Gabriel: Oh, tidak. Ini perangkat yang sangat sederhana secara alami. Itu sebabnya mereka menggunakannya. Hampir tidak ada cara untuk menyadapnya. Hanya menerima pesan dan– beberapa gram bahan peledak.
Mossad juga menguji nada dering untuk menemukan suara yang cukup mendesak agar seseorang mengeluarkannya dari saku. Dan mereka menguji berapa lama waktu yang dibutuhkan seseorang untuk menjawab pager: rata-rata tujuh detik. Tapi bagaimana meyakinkan Hizbullah untuk beralih ke pager yang lebih besar ini?
Gabriel: Saya ingat hari ketika saya datang ke direktur kami, meletakkan pager di meja. Dan dia marah, dia bilang, “Tidak mungkin ada yang mau membeli perangkat sebesar ini. Tidak nyaman di saku. Berat.”
Lesley Stahl: Sangat berat.
Gabriel: “Sangat berat. Tidak bagus, kembali dan bawa saya sesuatu yang lain.” Butuh dua minggu untuk meyakinkannya bahwa meskipun jelek, perangkat ini punya karakter.
Karakter berarti fitur tambahan, yang mereka promosikan dalam iklan palsu di YouTube.
Kuat. Tahan debu. Tahan air. Baterai tahan lama.
Gabriel: Kami membuat film iklan dan brosur, lalu memasangnya di internet. Dan– itu menjadi– produk terbaik di bidang beeper di dunia.
Mossad ingin menggunakan nama “Gold Apollo” pada pagernya. Jadi, mereka mendirikan perusahaan cangkang, termasuk satu di gedung ini di Hungaria, untuk menipu pihak Taiwan agar bermitra dengan mereka.
Lesley Stahl: Jadi perusahaan di Taiwan, Gold Apollo, apakah mereka tahu bahwa mereka bekerja dengan orang-orang dari Mossad?
Gabriel: Gold Apollo sama sekali tidak tahu bahwa mereka bekerja dengan Mossad.
Dan Hizbullah juga tidak tahu.
Gabriel: Ketika mereka membeli dari kami, mereka sama sekali tidak tahu bahwa mereka membeli dari Mossad. Kami membuat seperti “Truman Show,” semuanya dikendalikan oleh kami di belakang layar. Dalam pengalaman mereka, semuanya normal. Semuanya 100% sah, termasuk pebisnis, pemasaran, insinyur, ruang pamer, semuanya.
Untuk memperkuat cerita, Mossad mempekerjakan tenaga penjual Gold Apollo yang biasa bekerja dengan Hizbullah sebelumnya. Dia menawarkan batch pertama pager sebagai “upgrade gratis.” Pada September 2024, Hizbullah memiliki 5.000 pager di saku mereka.
Pertanyaan bagi Israel: kapan mengaktifkan bom yang sedang “tidur”? Ada petunjuk bahwa Hizbullah mulai curiga terhadap perangkat tersebut.
Jadi kepala Mossad, Dadi Barnea, memberikan lampu hijau, memicu serangan, dan mengejutkan dunia karena tampak lebih seperti film mata-mata daripada kenyataan.
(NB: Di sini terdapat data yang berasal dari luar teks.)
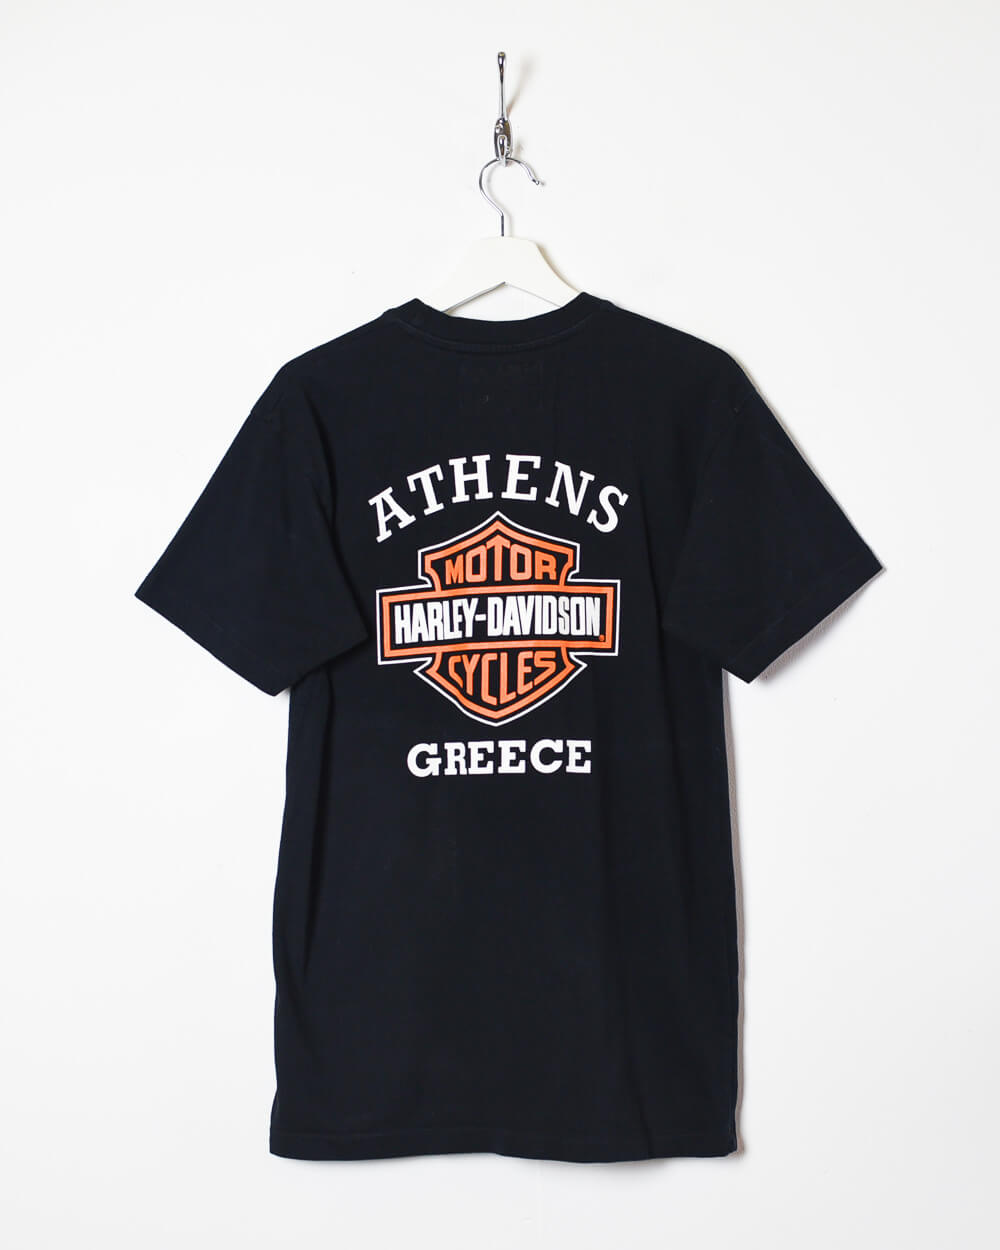 Black Harley Davidson Motorcycles Athens Greece T-Shirt - Medium

Pada 17 September, pukul 15:30, pager mulai berbunyi di seluruh Lebanon.
Lesley Stahl: Seperti yang saya pahami, orang dengan pager ini mendapat pesan yang mengatakan, “Anda memiliki pesan terenkripsi.” Untuk mengaksesnya, Anda harus menekan dua tombol. Artinya, itu akan meledak di tangan mereka.
Gabriel: Itu intinya.
Lesley Stahl: Jadi jika seseorang tidak menekan dua tombol, apa yang terjadi?
Gabriel: Efeknya sama. Itu akan meledak juga.
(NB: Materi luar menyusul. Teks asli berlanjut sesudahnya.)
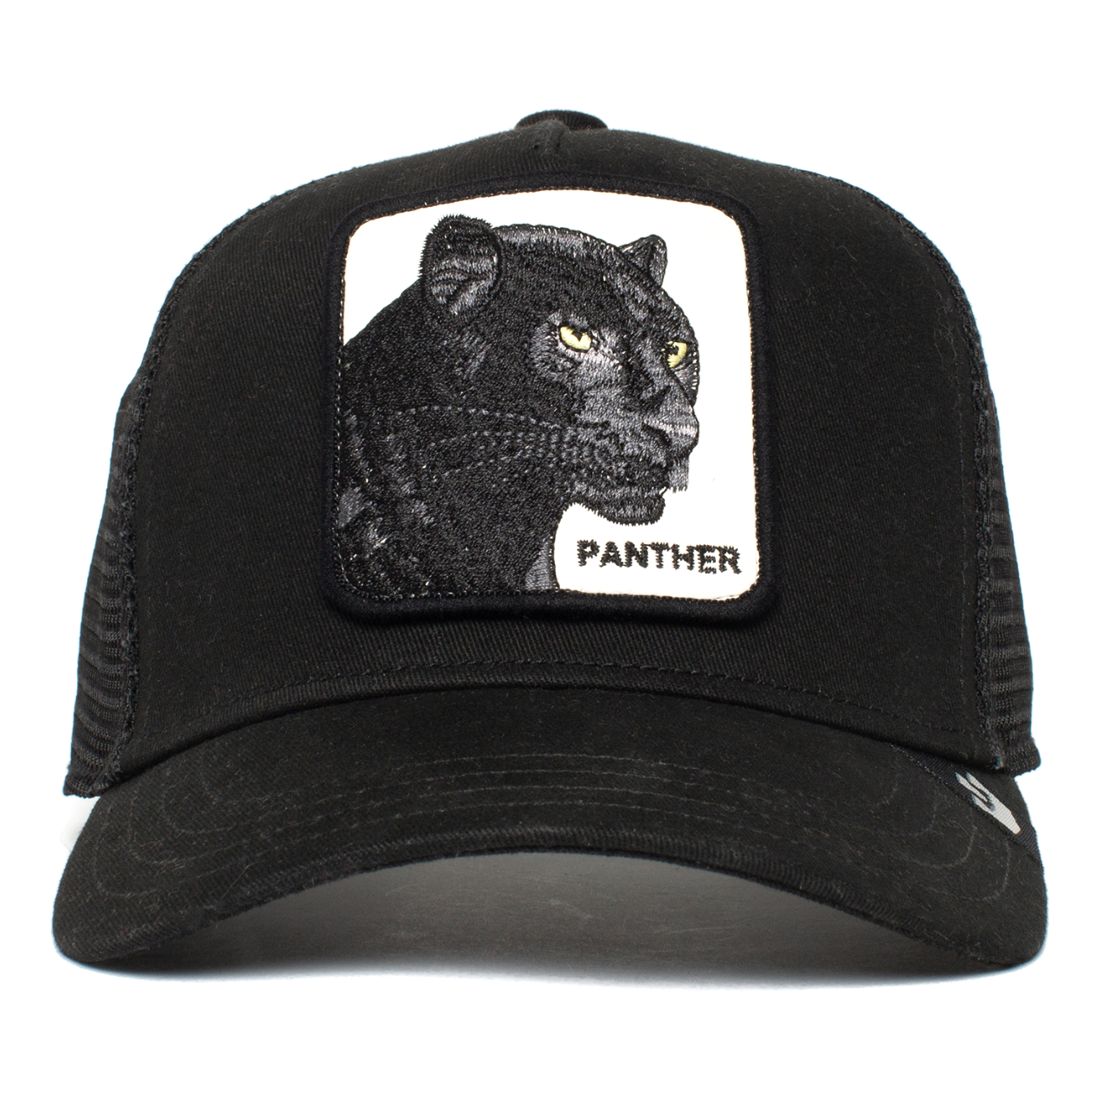 Goorin Bros Little Panther Kids' Trucker Cap Black

Lesley Stahl: Peledak itu dipicu dari Israel?
Gabriel: Ya.
Yang terjadi kemudian adalah kekacauan! Orang-orang dengan pager meledak di jalan, di sepeda motor, rumah sakit penuh dengan yang terluka – anggota tubuh, jari terputus, berdarah, buta, lubang di perut. Sebagian besar, ledakan bekerja sesuai rencana, kata mereka. Perhatikan pria di sebelah kiri – orang di sebelahnya tidak terluka.
Keesokan harinya, Mossad akhirnya mengaktifkan walkie-talkie yang telah dorman selama 10 tahun, beberapa di antaranya meledak di pemakaman mereka yang tewas karena pager. Secara keseluruhan, sekitar 30 orang tewas, termasuk dua anak-anak, sekitar 3.000 terluka.
Gabriel: Tujuannya bukan membunuh teroris Hizbullah. Jika dia hanya mati, ya sudah. Tapi jika dia terluka, Anda harus membawanya ke rumah sakit, merawatnya. Anda perlu mengeluarkan uang dan upaya. Dan orang-orang tanpa tangan dan mata adalah bukti hidup, berjalan di Lebanon, bahwa “jangan macam-macam dengan kami.” Mereka adalah bukti nyata dari superioritas kami di seluruh Timur Tengah.